# What the task asks
Copy exactly the lines that run from the top of the listing to the line containing "Some Features Include", both ends included, and omit the pictures.
══════════
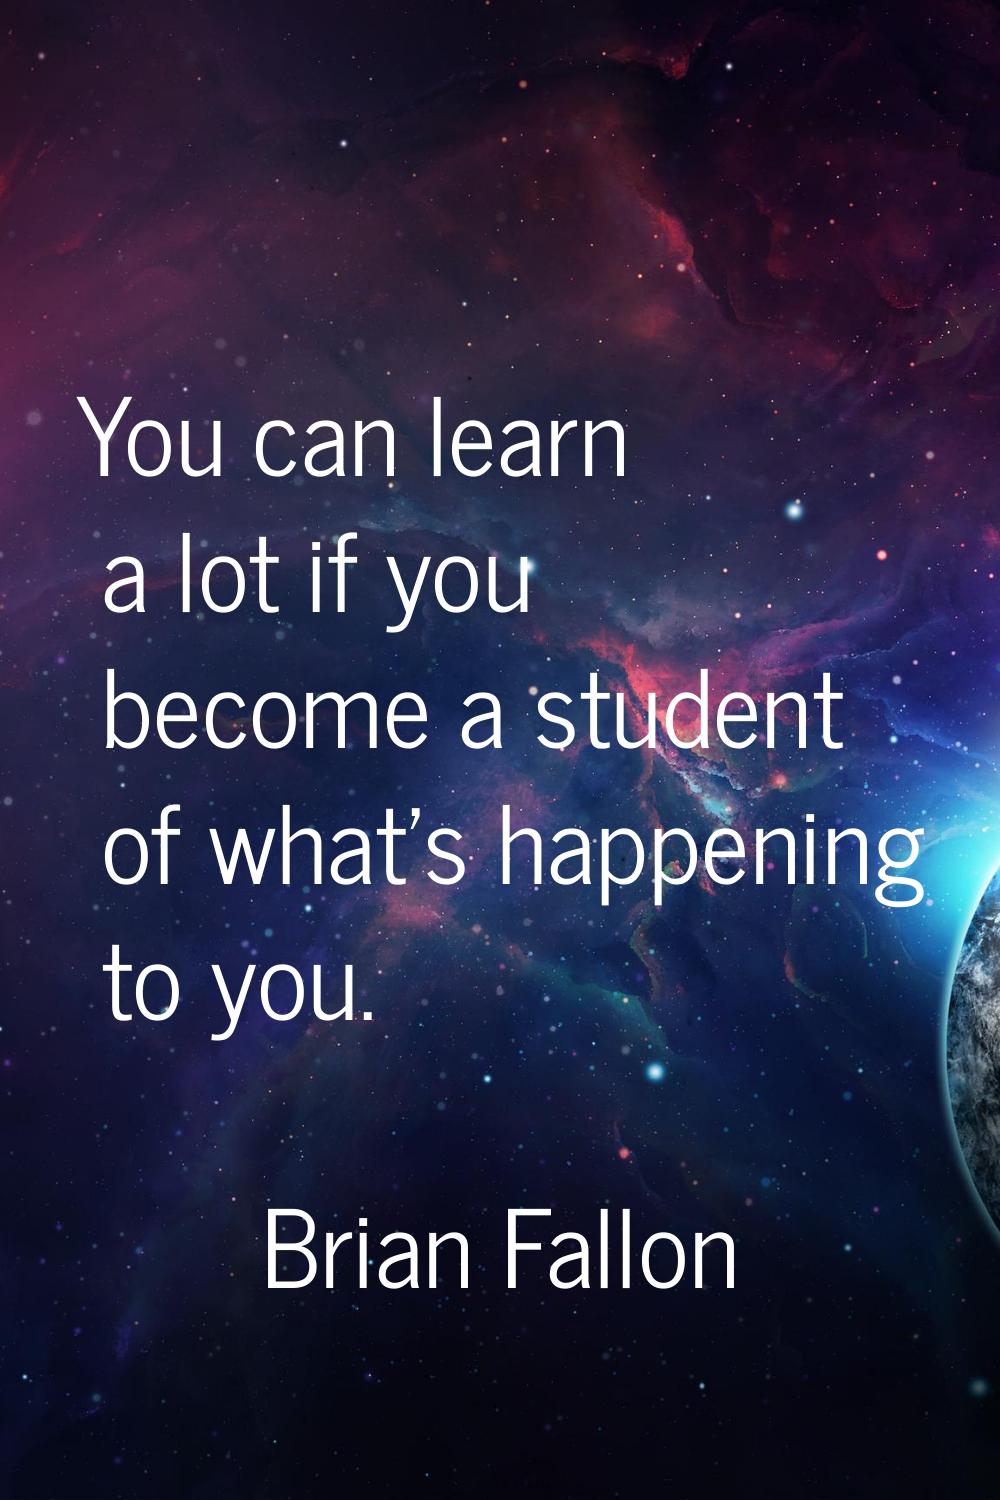 You can learn a lot if you become a student of what's happening to you.
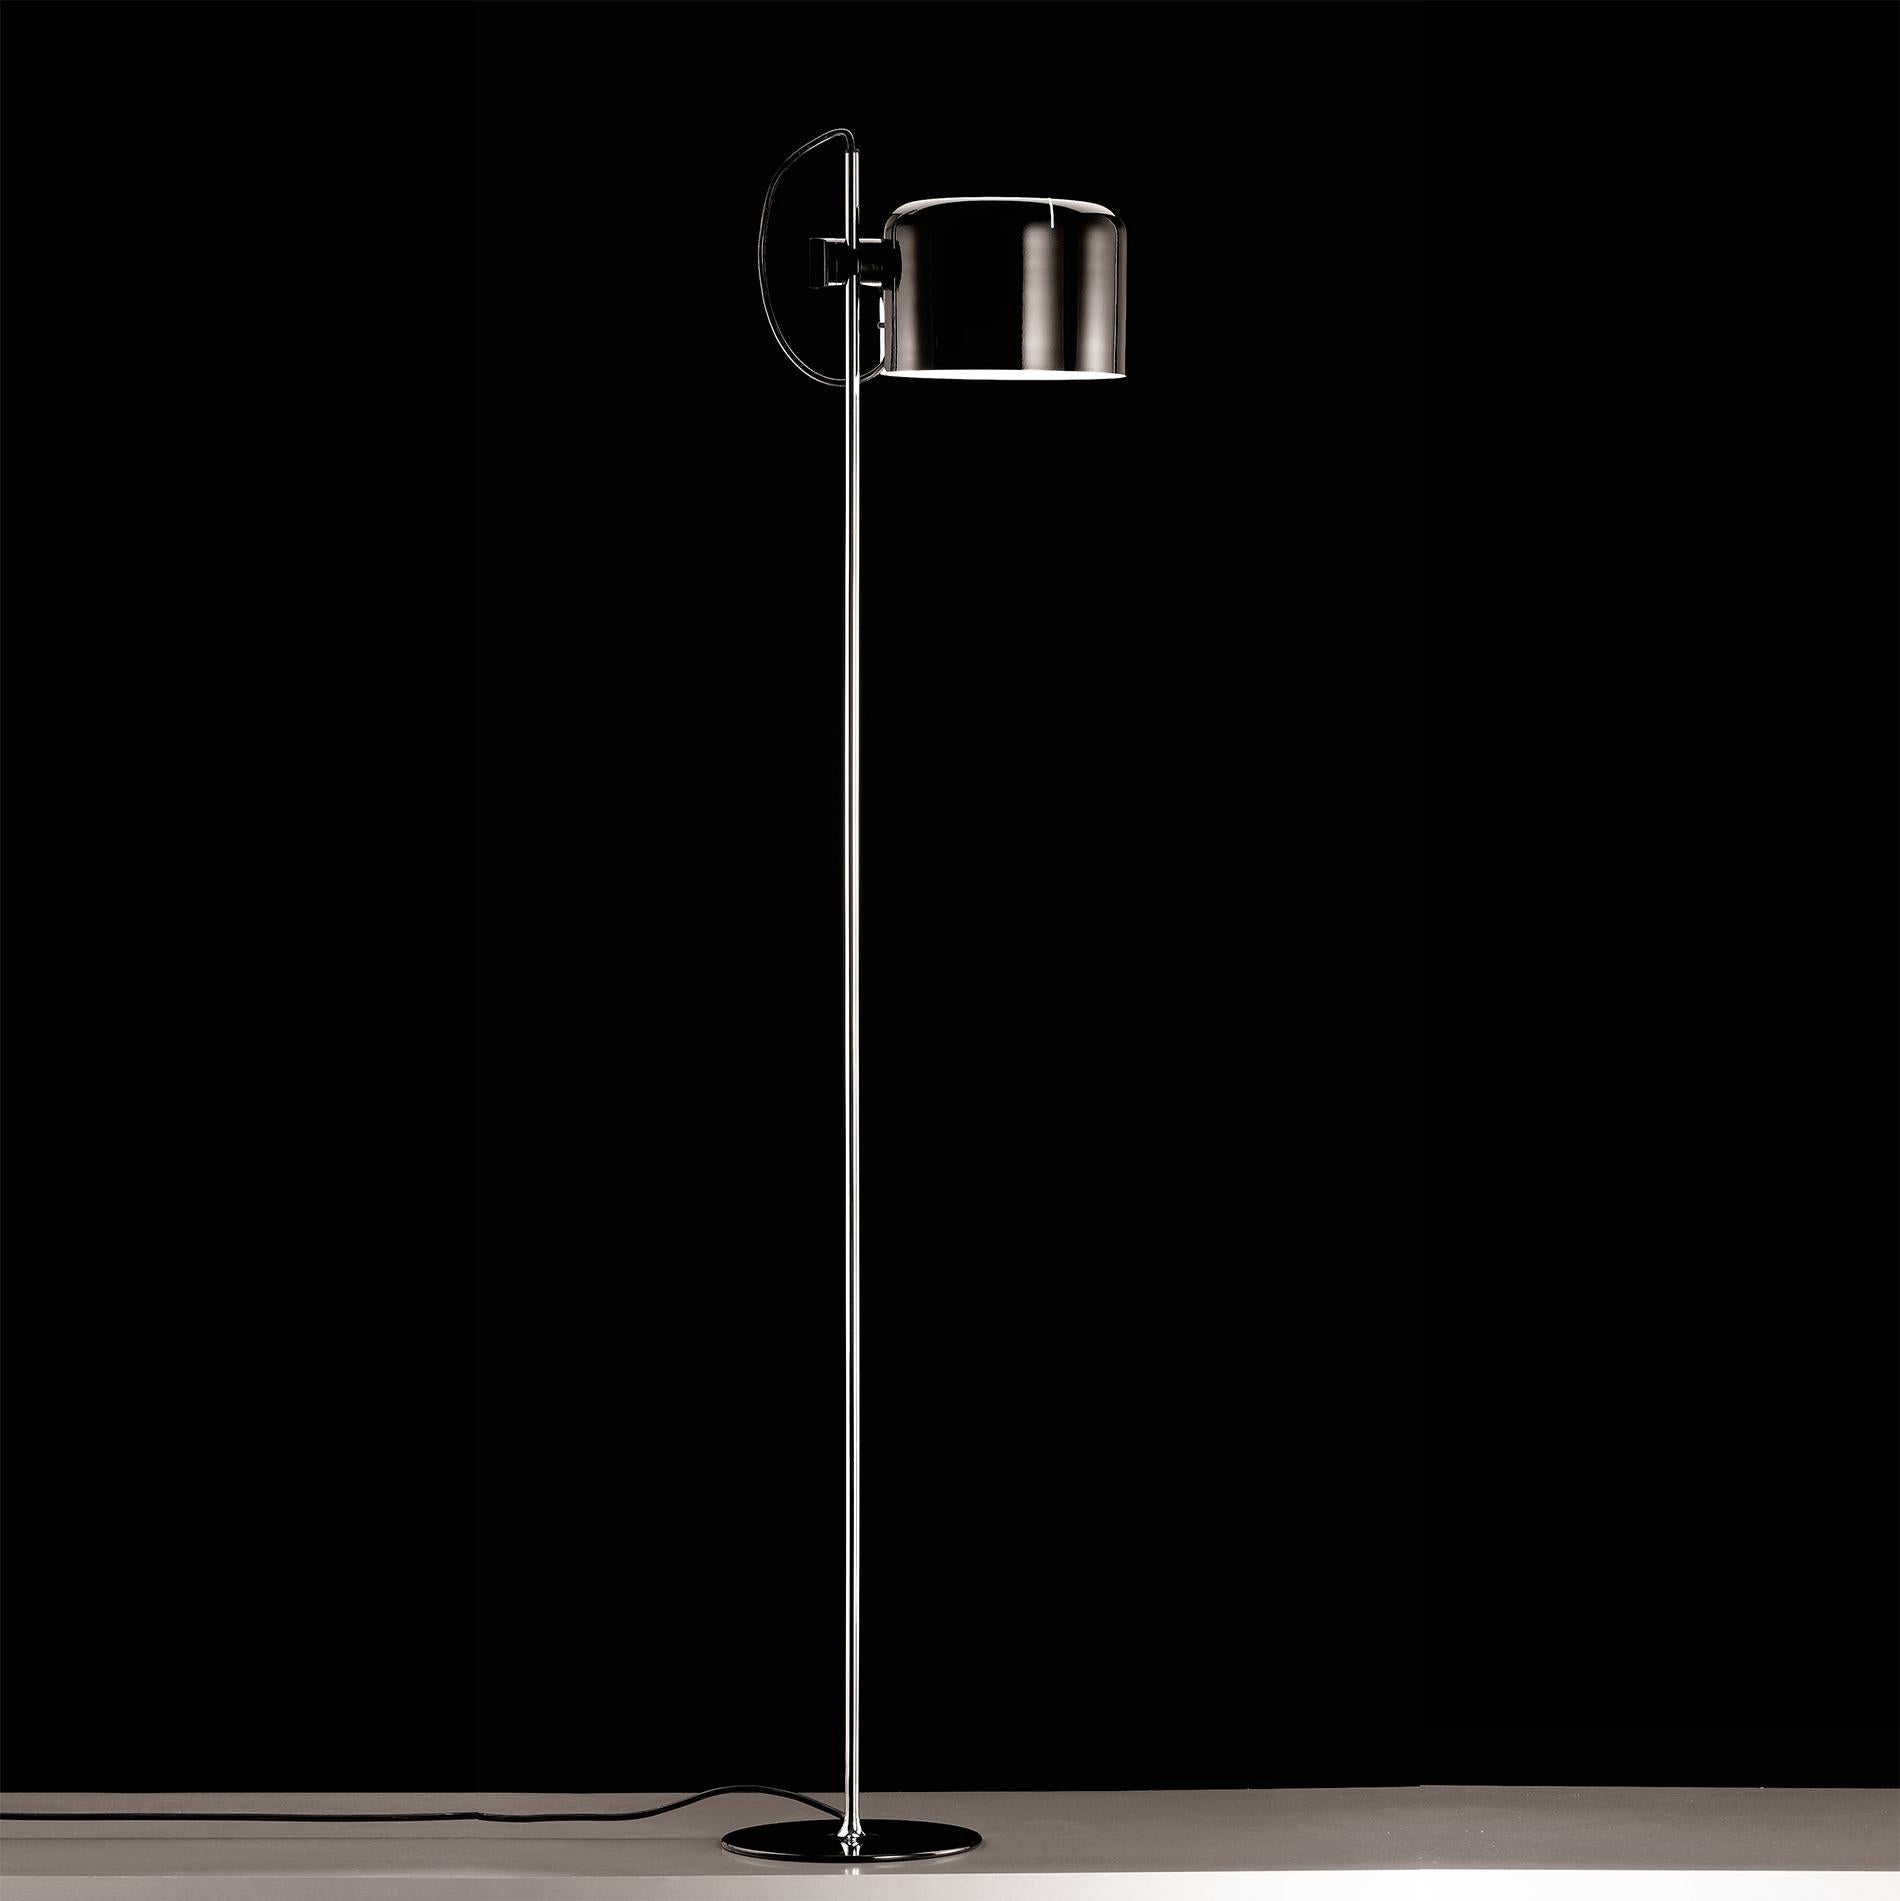 Floor lamp 'Coupé' designed by Joe Colombo in 1967.
Floor lamp giving direct light, lacquered metal base, chromium-plated stem, adjustable reflector in lacquered aluminium. Manufactured by Oluce, Italy.

The Coupé series, designed by Joe Colombo,
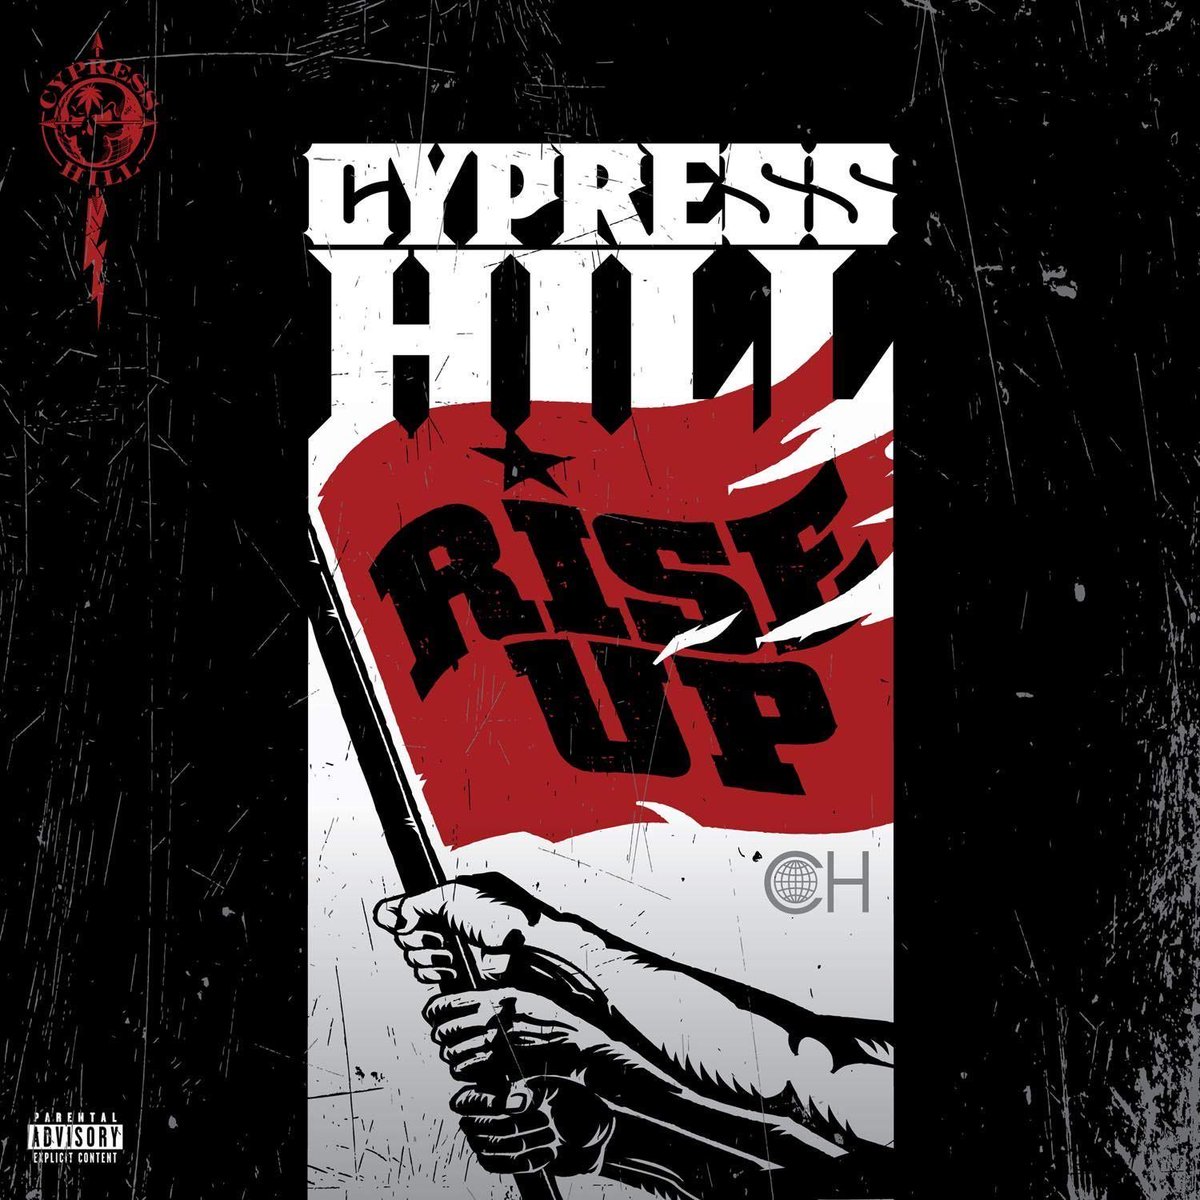 April 20, 2010 @cypresshill released Rise Up

Some Production Includes @DJ_Muggs @DJKhalil @PeteRock @JakeUno @mikeshinoda @daronmalakian @IamJimJonsin @SickJacken and more 

Some Features Include @Alchemist @Evidence @OGEverlast @pitbull @MarcAnthony and more
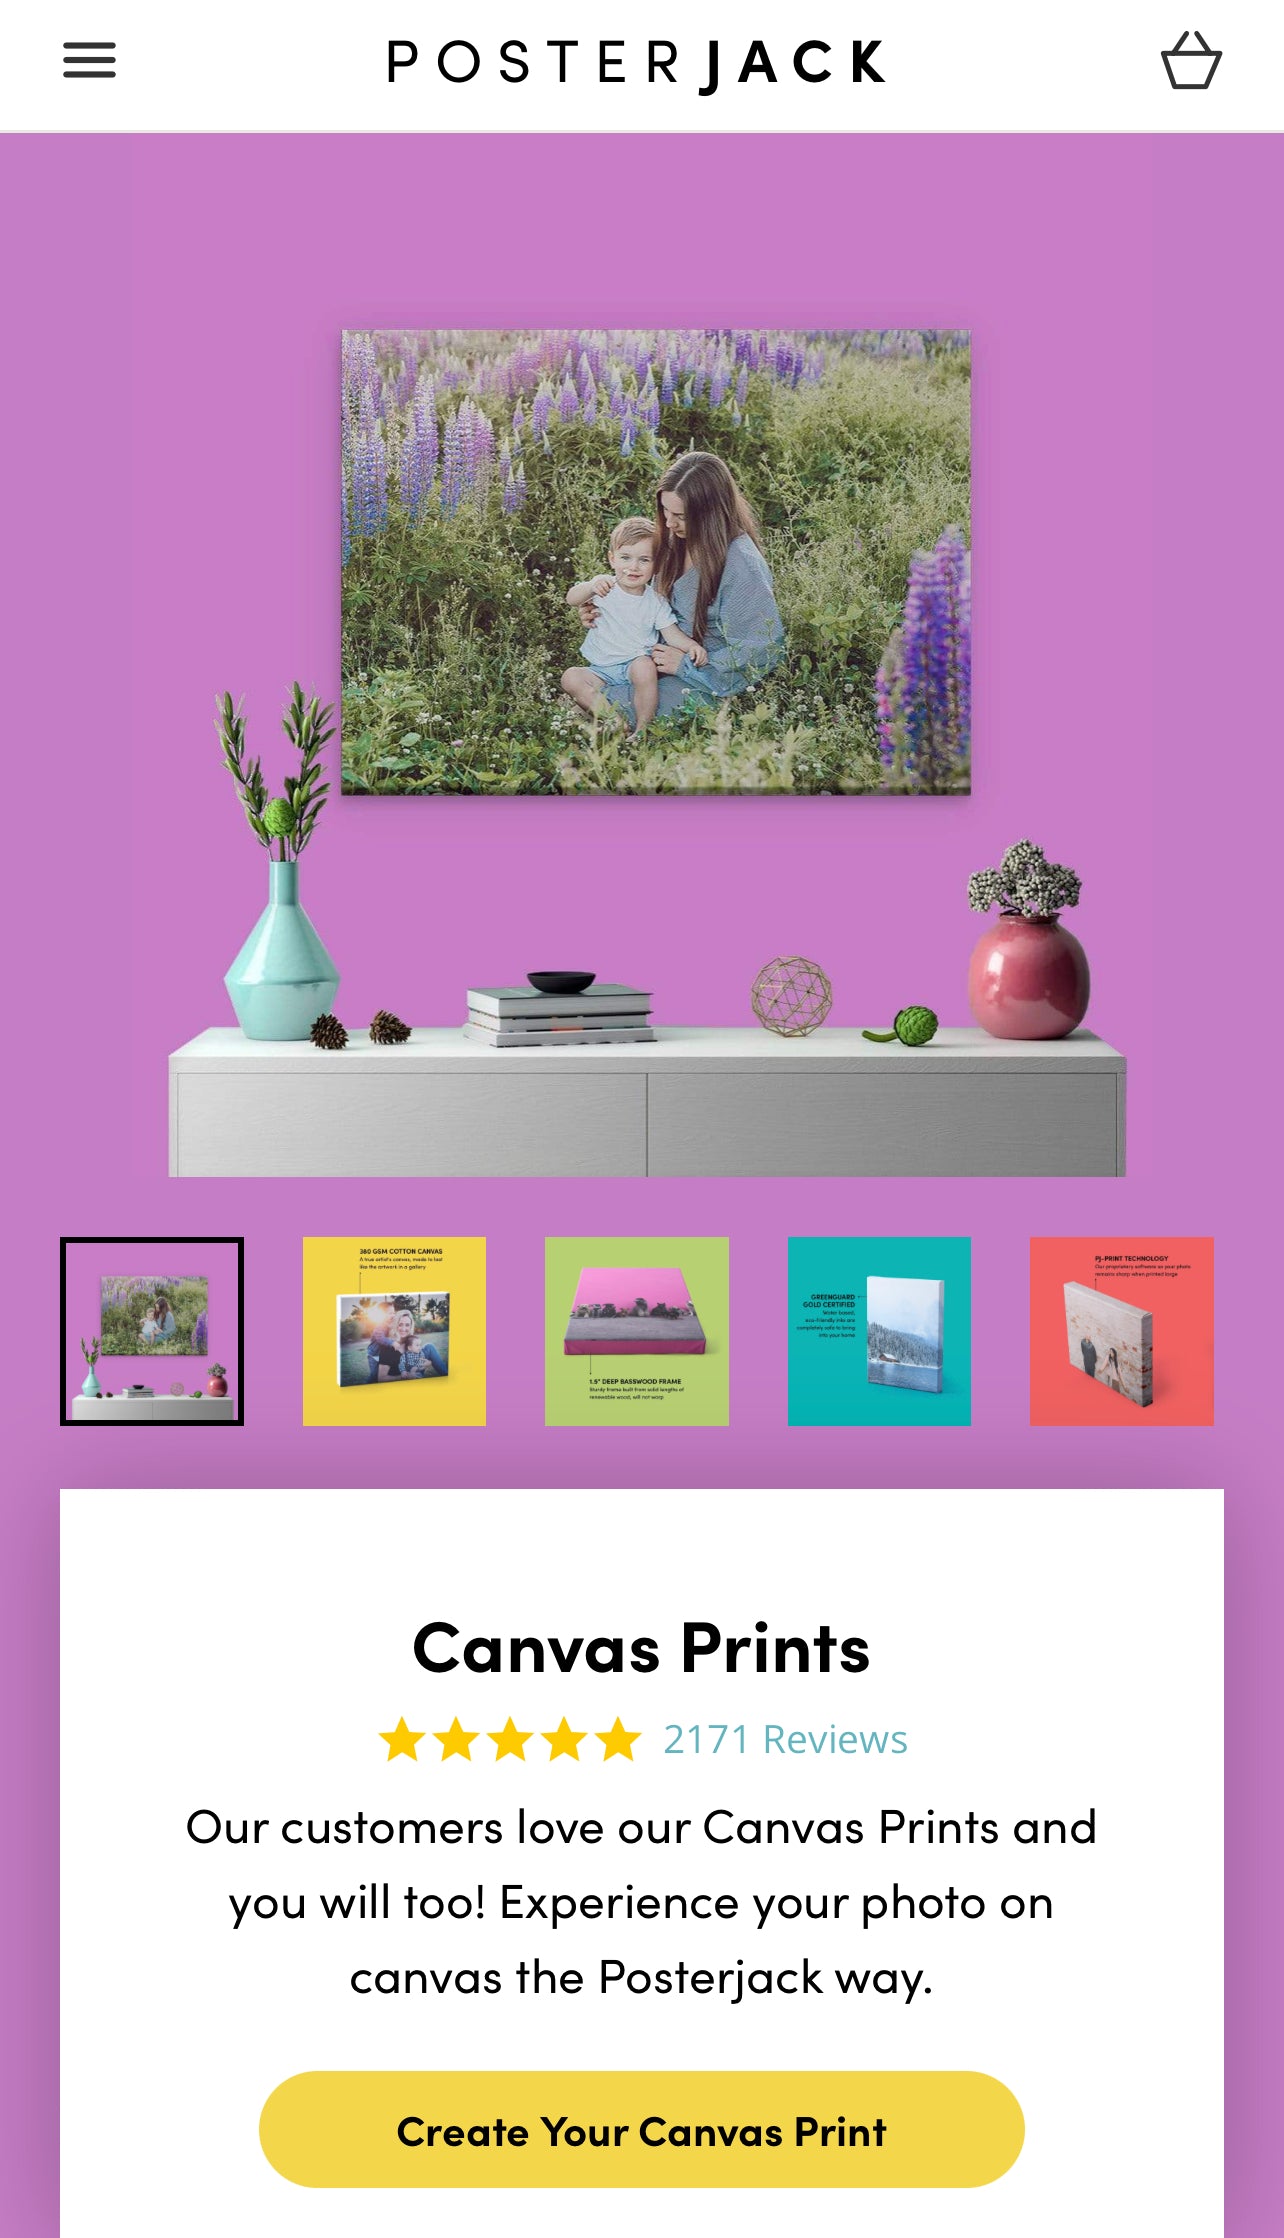 how to upload a picture to canvas assignment from phone
══════════
# Written reply
 You can learn a lot if you become a student of what's happening to you.
 Floor lamp 'Coupé' designed by Joe Colombo in 1967.
Floor lamp giving direct light, lacquered metal base, chromium-plated stem, adjustable reflector in lacquered aluminium. Manufactured by Oluce, Italy.

The Coupé series, designed by Joe Colombo,
 April 20, 2010 @cypresshill released Rise Up

Some Production Includes @DJ_Muggs @DJKhalil @PeteRock @JakeUno @mikeshinoda @daronmalakian @IamJimJonsin @SickJacken and more 

Some Features Include @Alchemist @Evidence @OGEverlast @pitbull @MarcAnthony and more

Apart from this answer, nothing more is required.